Wednesday, July 9, 2014

Anna Freud on Defense Mechanisms


Upon expanding her father's ideas, Anna Freud developed the theory of adolescent defense mechanism. She gave greater importance to puberty as a critical factor in character formation. Freud believed that adolescence was a universal phenomenon and included behavioural, social and emotional changes; not to mention the relationships between the physiological and psychological changes, and the influences on the self-image. Thus, physiological changes are related to emotional changes, especially an increase in negative emotions, such as moodiness, anxiety, loathing, tension and other forms of adolescent behaviour.

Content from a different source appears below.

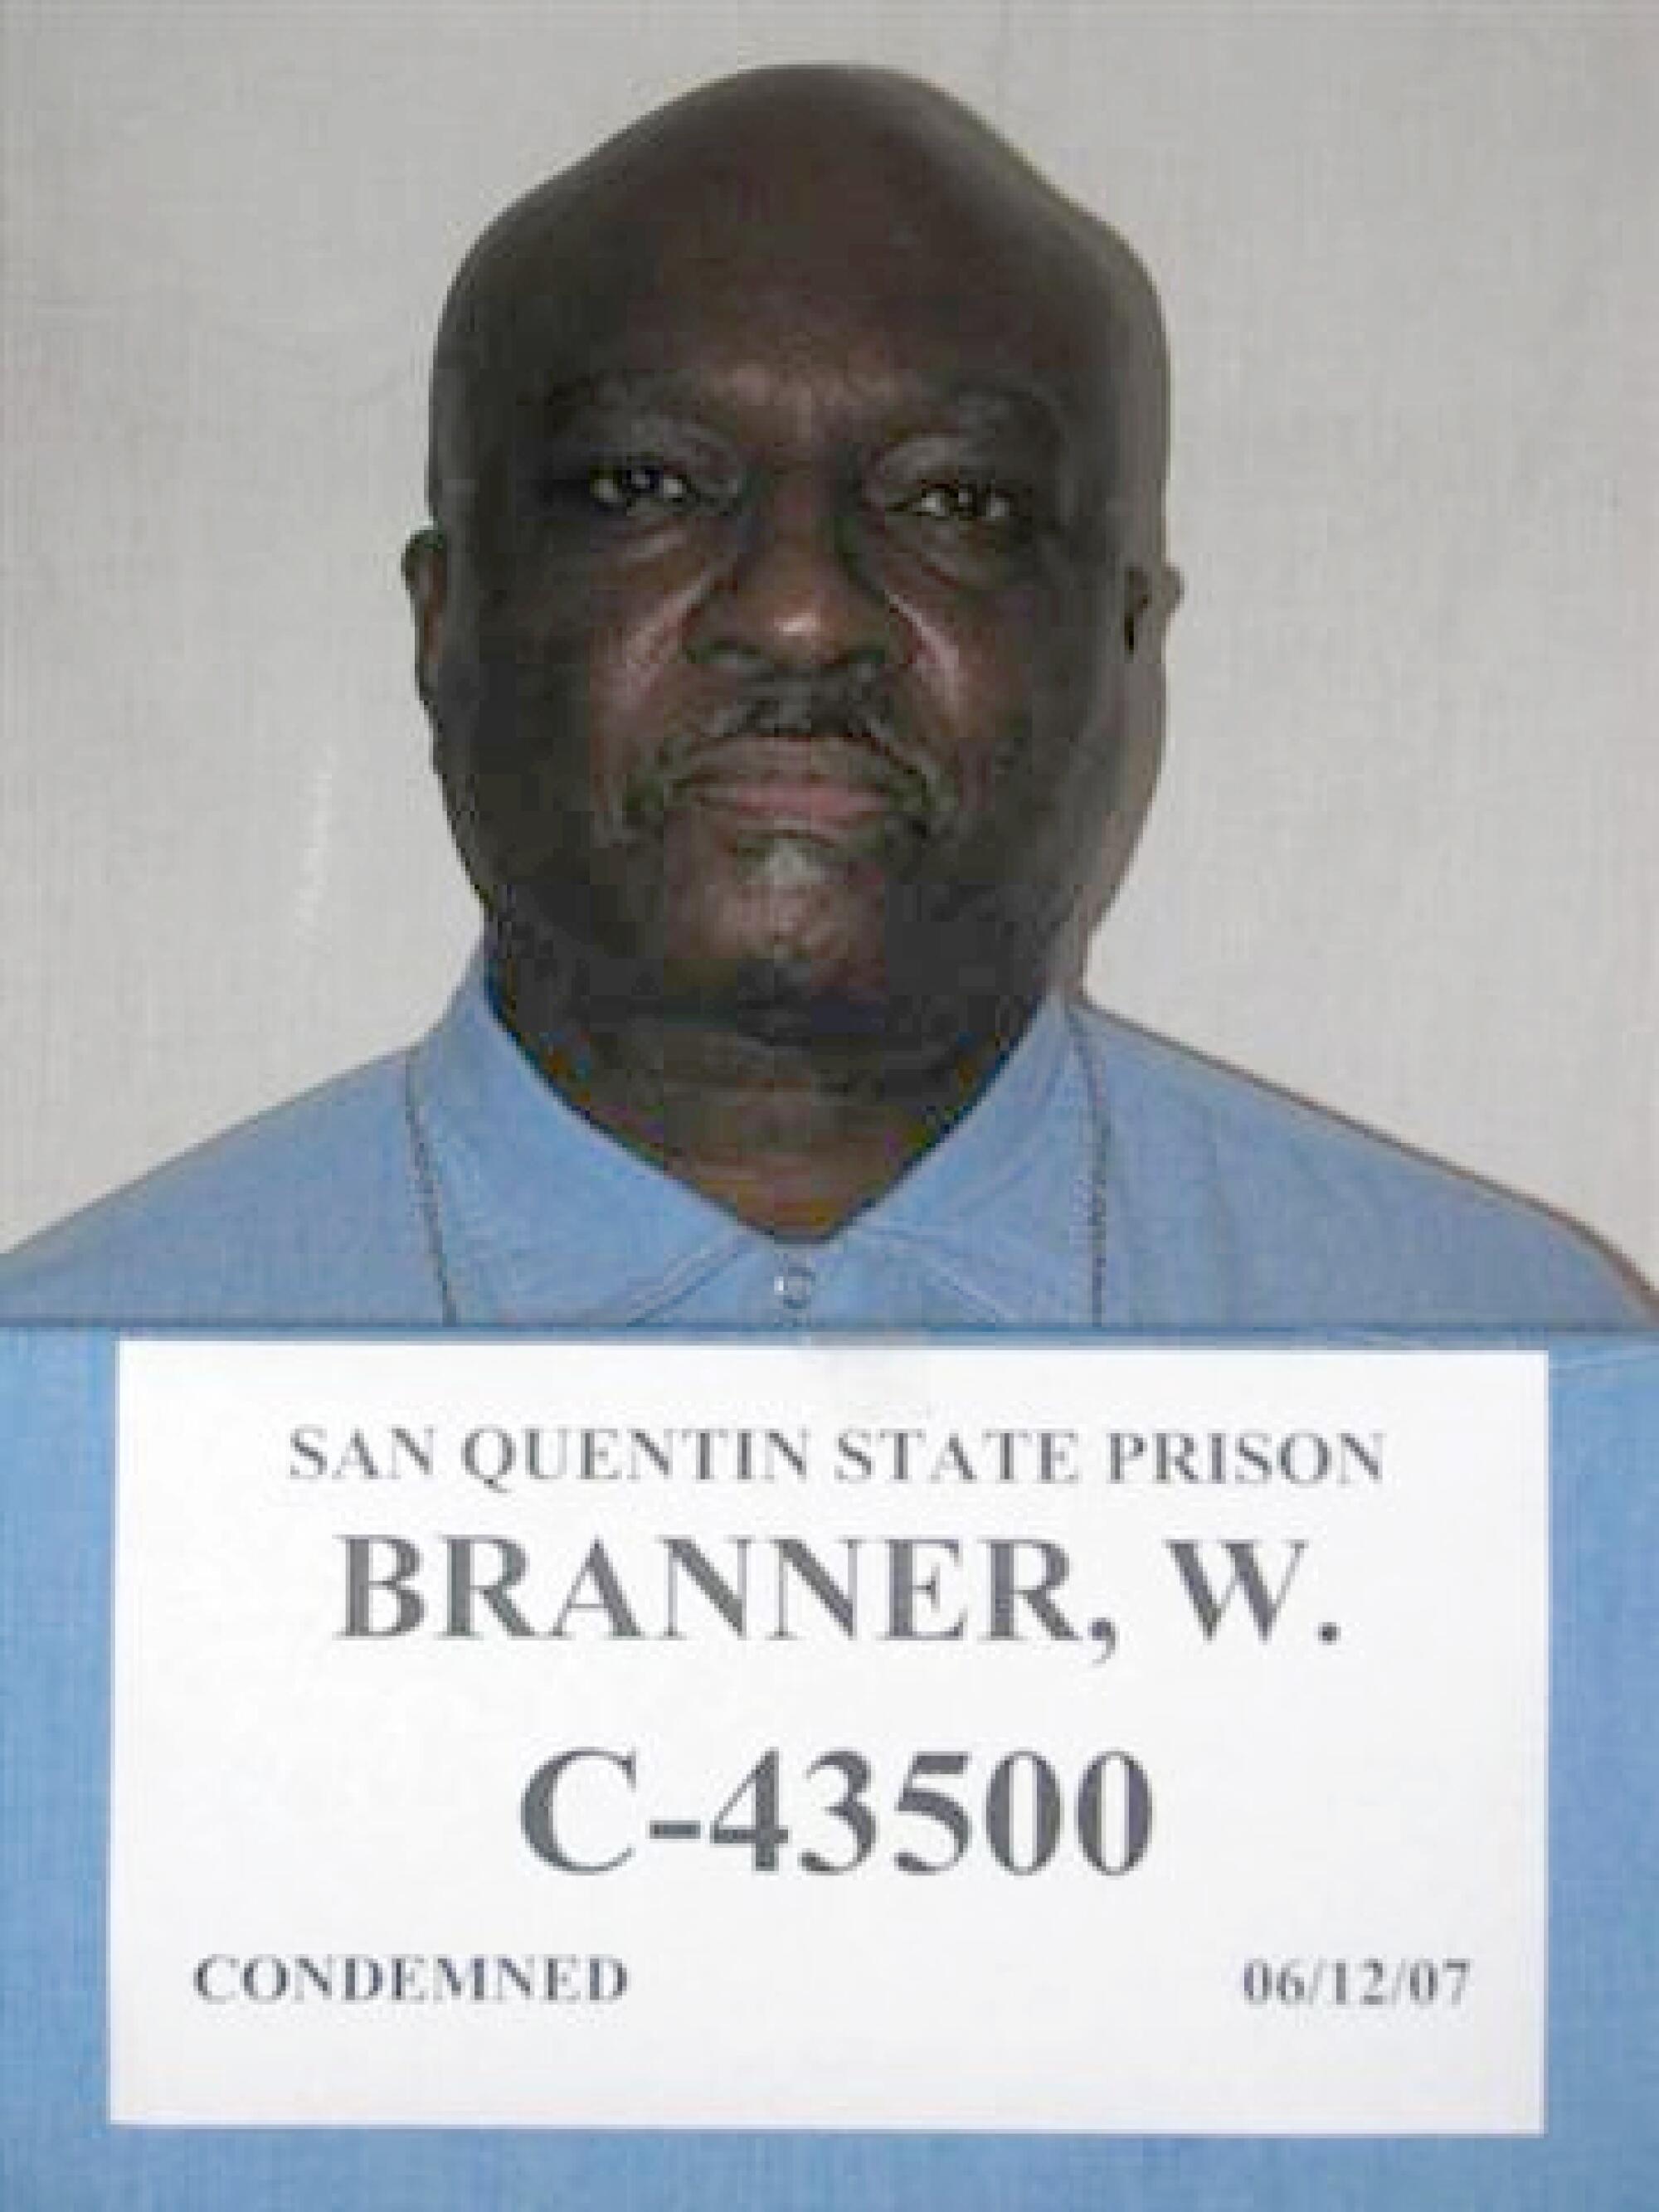 Willie Branner, C-43500

Anna Freud also placed more emphasis on the relationship between the id, the ego and the superego. What does this all mean? The painfully established balance between ego and id during the latency period is disturbed by puberty, and internal conflict results. On one hand, the id wants to fulfil its sexual and aggressive desires, but on the other hand, the superego has internalised society's views on what's moral and not — and the ego suffers to reconcile both ends. Thus, there is puberty conflict where the adolescent struggles to regain equilibrium. The resulting anxiety produces a variety of defense mechanisms, of which repression, asceticism and intellectualization are most common for coping with stress in adolescence. As a result of such psychological disequilibrium, adolescence was viewed as a state of flux, alternating between periods of high enthusiasm and utter despair between energy and lethargy, between altruism and self-centredness.



References:

Freud, A. (1948). The Ego and the Mechanism of Defense. New York, NY: International Universities Press.
Muuss, Rolf E. (1975). Theories of Adolescence (3rd Edition). New York: Random House.